Мартин Эмис - Лондонские поля
В пробуждающемся трактире он встал в очередь за кофе. Дочери хозяев мыли полы; двое мужчин громко переговаривались через весь полутемный зал. Гай, босой, стоял выпрямившись, его кожа и волосы поблескивали от бесчисленных мелких песчинок. Озабоченная поисками добротного мужика женщина, взгляни она на него краем глаза, могла бы найти, что у Гая Клинча прекрасное сложение, классическая лепка лица и превосходное здоровье; однако во всех этих его очевидных достоинствах было что-то бесцельное, бессмысленное: казалось, что они даром растрачены на него. Гай это знал. Антонио, приземистый толстячок с волосатыми плечами, привалившийся к дверному косяку, слегка касаясь рукой своего круглого брюха, — и самодовольно думавший о своих кроваво-красных плавках, о том, как превосходно они изукрашены шнурками и кисточками там, в области промежности, — не обратил на Гая никакого внимания, никакого. А орудующие швабрами хозяйские дочки думали об одном только Антонио, беззаботном, пьяном, погоняющем осла Антонио — и о его кроваво-красном топырящемся мешочке… Гай вышел на дребезжащую терраску, где выпил превосходно сваренный кофе и съел несколько кусков хлеба, политых оливковым маслом. Потом он отнес поднос Хоуп, которая уже содрала с глаз маску, но все еще не открыла их.

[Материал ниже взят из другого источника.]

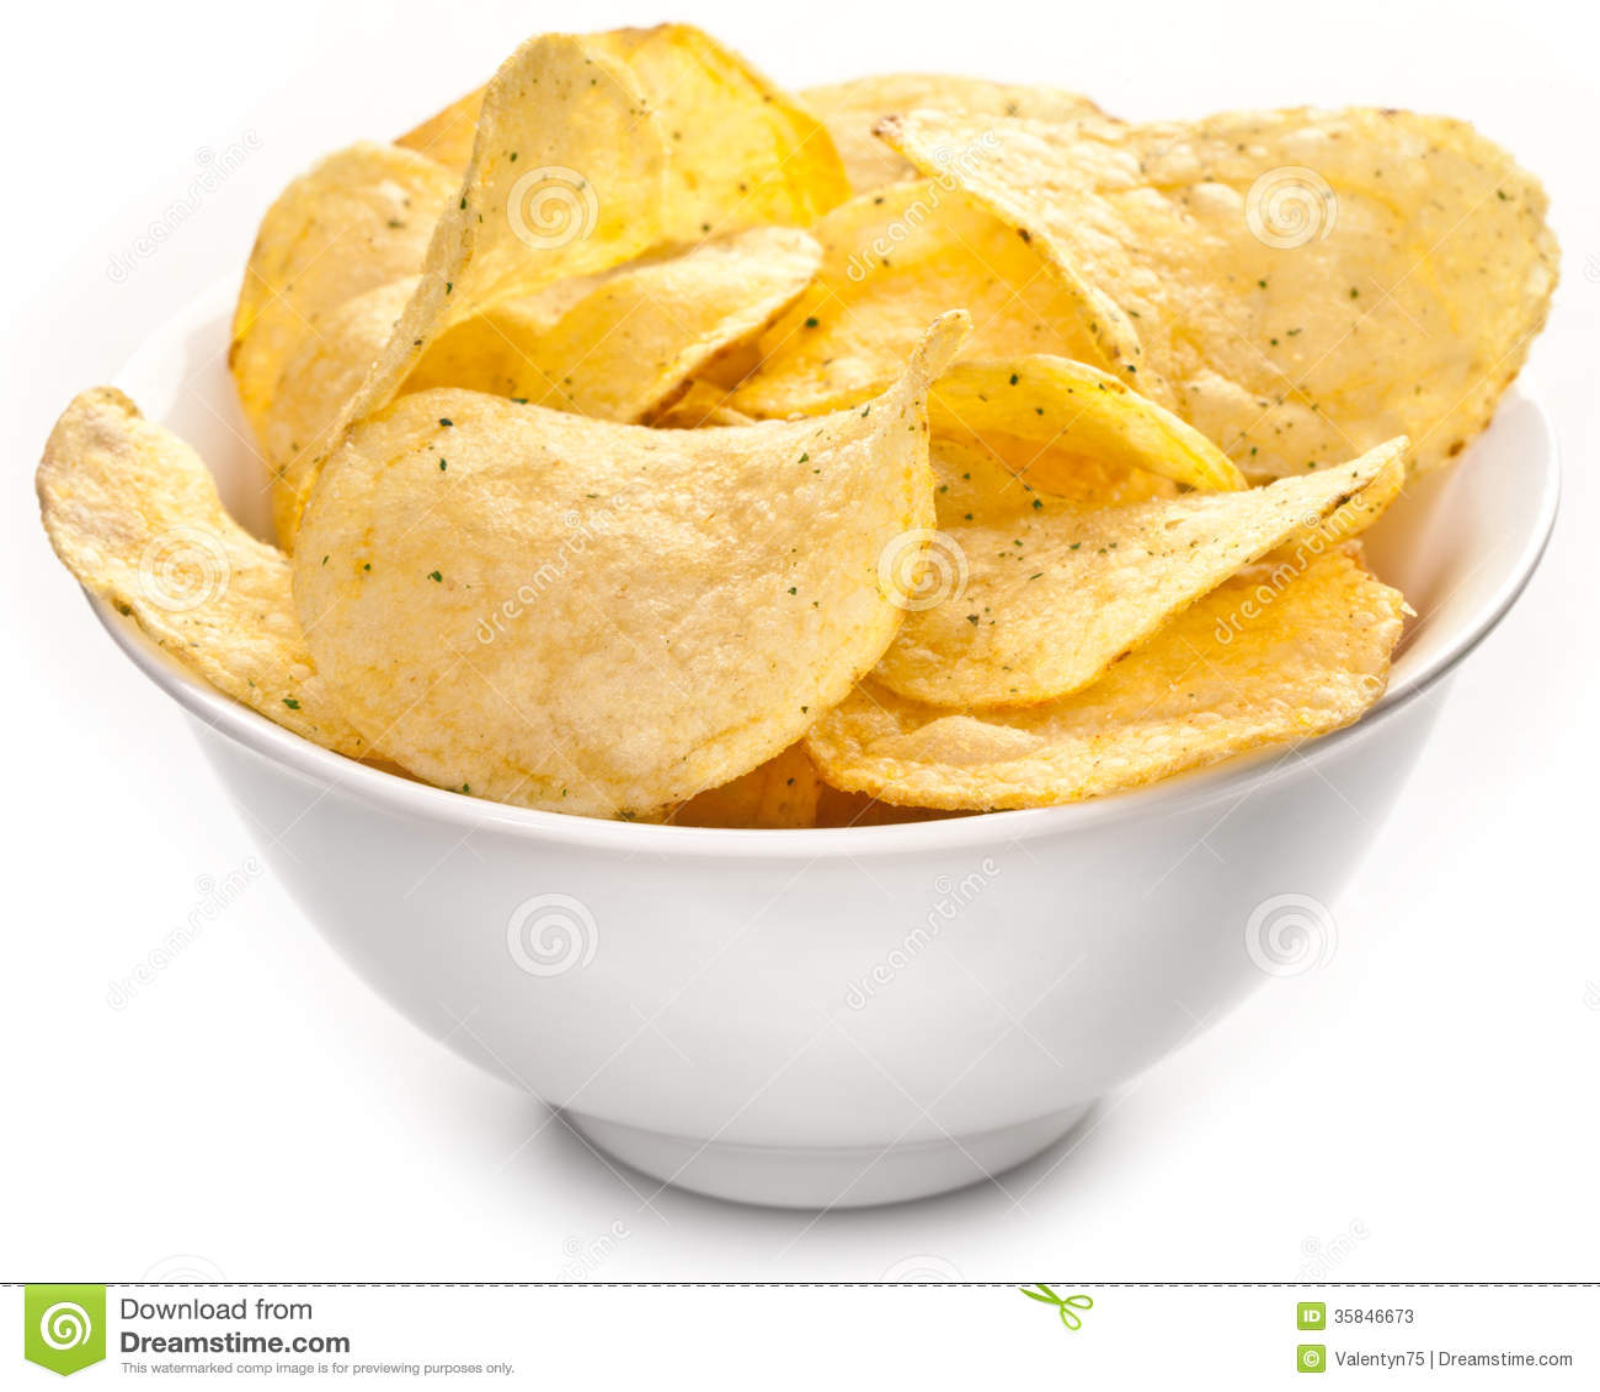 Potato Chips Clip Art Potato chips in a bowl.

— Ну что, ты уже что-нибудь предпринял?
— Да нет, я плавал, — сказал он. — Между прочим, сегодня мой день рожденья.
— …Поздравляю.
— Кстати, здесь есть один парень, Антонио, который довольно умело орудует гаечным ключом.
— Да ну! Гай, ведь машина-то совсем сдохла.

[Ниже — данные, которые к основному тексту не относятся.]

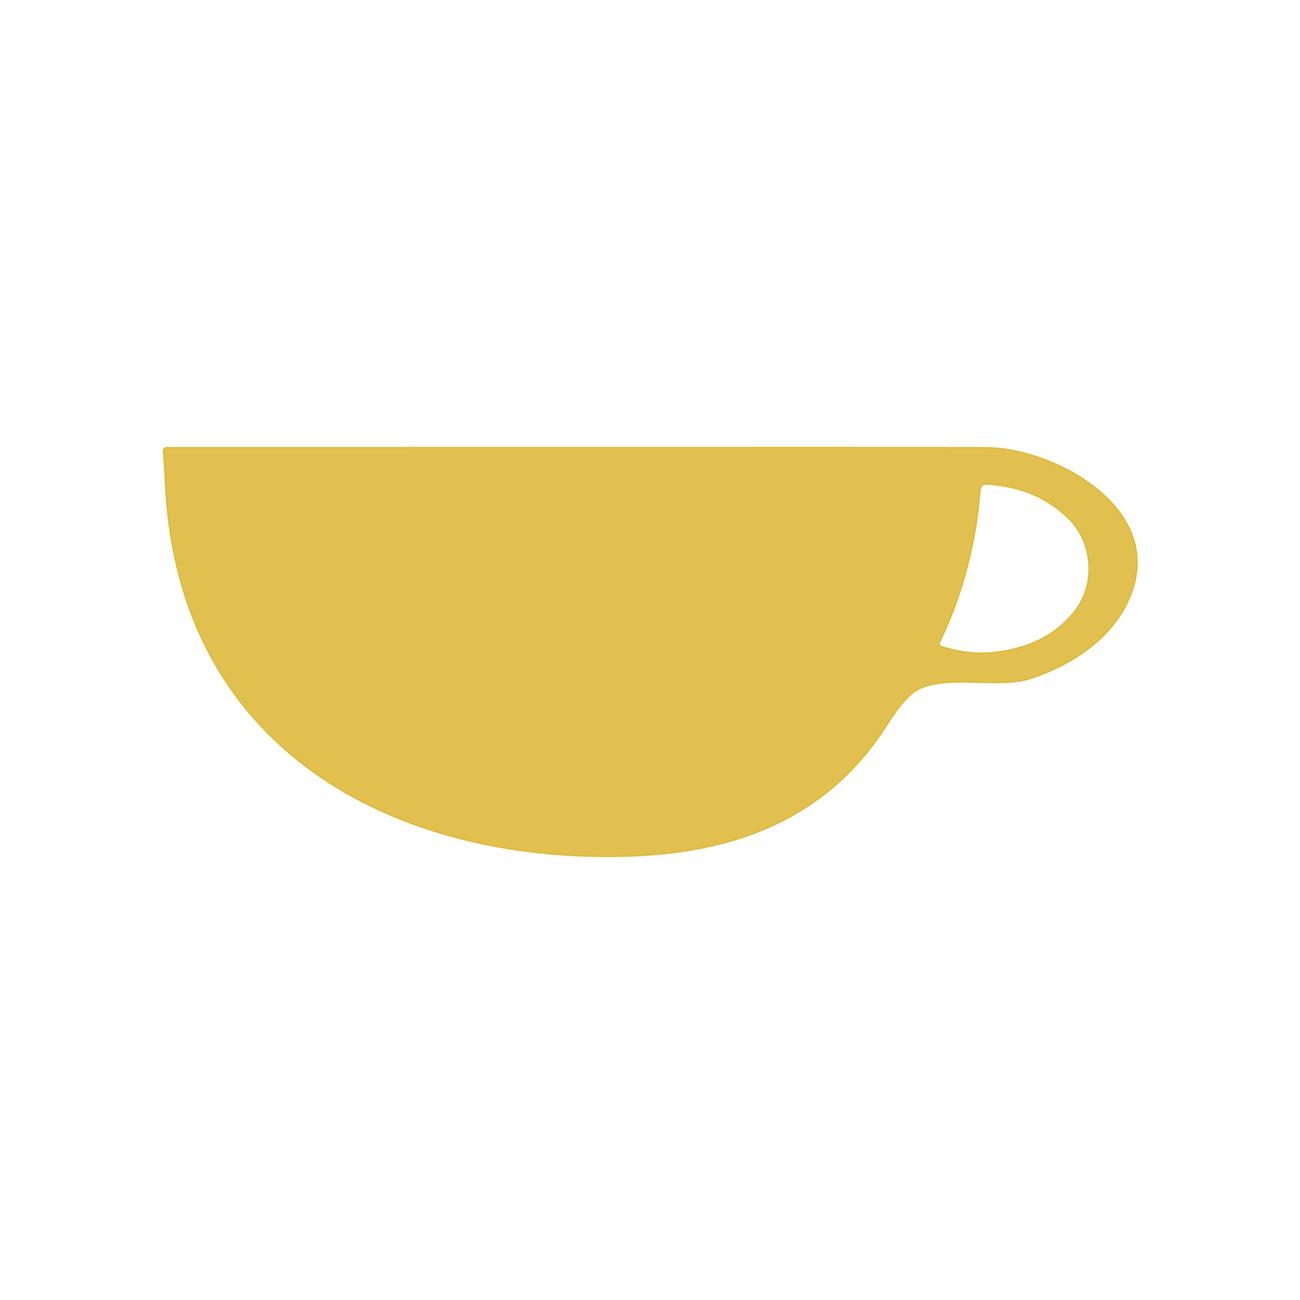 tea_cup_icon_social_media_profile.jpg

Несколькими минутами раньше, когда он стоял на дребезжащей терраске, случилось нечто очень забавное. Услышав где-то не очень далеко ритмичное всхлипывание, Гай схватился руками за виски, как бы желая остановить, заморозить мысль, закрутившуюся у него в мозгу (а он не был к ним склонен, он не питал никакой склонности к порнографическим мыслям). Мысль была вот какая: обнаженную, широко раскинувшую ноги Хоуп грубо пользует неутомимый Антонио… Он взял свой последний кусок хлеба, вышел во двор и предложил его обитающей в бочке собаке. (По дороге он также еще раз бросил недоверчивый взгляд на того самого петуха, на полоумного gallo.) Собака ритмично поскуливала, но не выказала никакого аппетита. Грязная, с добродушной мордой, эта сука хотела просто играть, возиться, брататься — и все время опрокидывалась наземь, когда бросалась вперед, но ее удерживала привязь. Длина этой грязной веревки — всего-то шесть футов — огорчила Гая так, как никогда до того не огорчали его жестокость и беспечность, свойственные испанцам. В этом дворе, на побережье, исхлестанном ветром, где вдоволь и задаром имелся один только необъятный простор, — собаке от него не доставалось и крохи. Бедная, и еще раз бедная, вдвое, втрое, экспоненциально бедная зверина! Я нашел то, что искал, думал Гай (хотя слово не приходило, пока еще нет). Это… Я нашел то, что искал, и это… Это…
— Ну так как?
— Слушай, а почему бы нам не остаться здесь? — сказал он. — На несколько дней. Море прекрасное, стоит только окунуться. Останемся, пока не починят машину. Здесь интересно.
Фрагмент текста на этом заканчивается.